As the Syrian armed forces steadily regain control over their country's territory, an offensive has been launched against the remnants of Daesh in the Safa Volcanic Field in southern Syria.
The offensive became possible after Syrian forces freed 19 civilians that Daesh terrorists at Safa had used as their "last bargaining chip," Al-Masdar News reports.
"For months, Daesh has used these hostages to leverage the Syrian military to halt their operations in the Al-Safa region of southern Syria," the report stated.
Now, without those hostages in their grasp, Daesh has nothing to hide behind. As Daesh kept bargaining back and forth (a threat to execute hostages actually prompted a liberation operation), Syrian forces were conducting a military build-up in the region.
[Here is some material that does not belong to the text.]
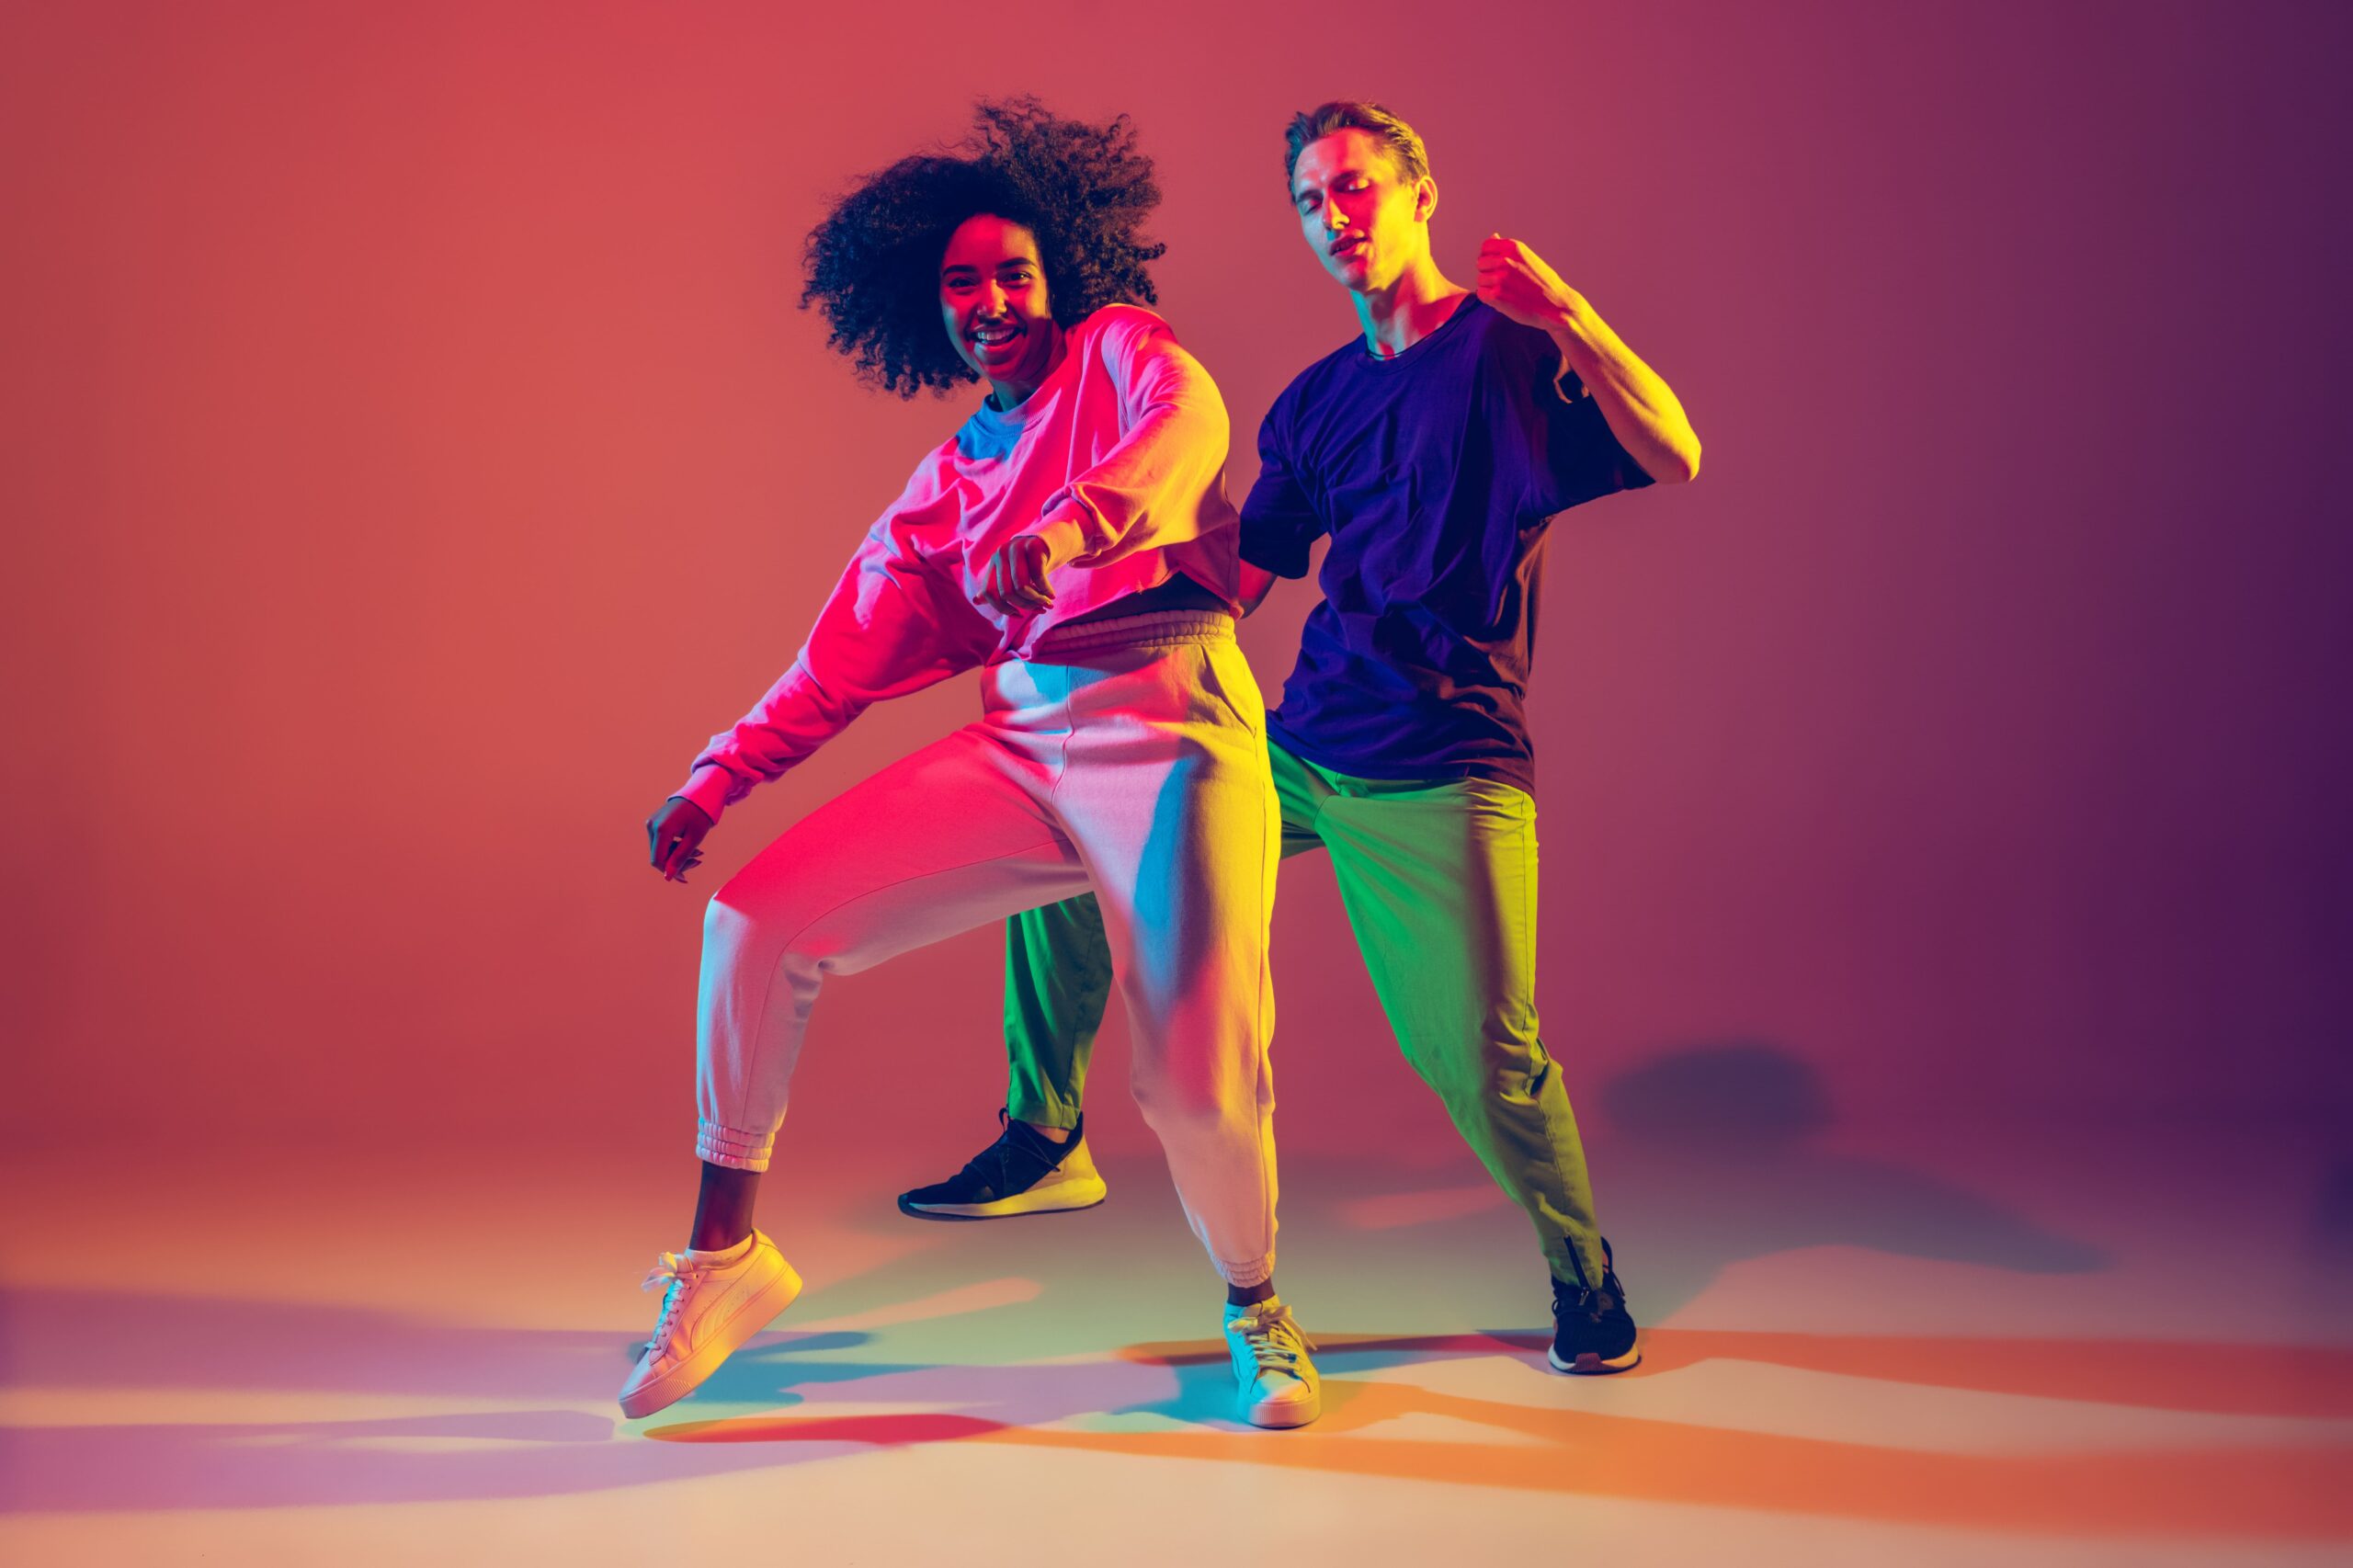 dance-time-stylish-men-and-woman-dancing-hip-hop-in-bright-clothes-on-green-background-at-dance-hall-in-neon-light-min (1)

According to Al-Masdar News, the Syrian Arab Army's 4th Armoured Division is now fully deployed at Safa, which likely indicates the government is no longer interested in negotiations.
According to the website Syria.liveuamap.com, the assault on Daesh started Thursday, after a pre-emptive bombardment. Some 1,500 fighters are estimated to be holed up in the volcanic field.
Safa is one of three remaining Daesh-controlled strongholds in Syria. Another is a rather small strip north of the Euphrates, between the town of Hajin and the Iraqi border, where the terrorists are being constantly engaged by Kurdish SDF militants. There is also a large, sparsely populated area between Hajin and Palmyra, which is also said to be under Daesh control at the moment.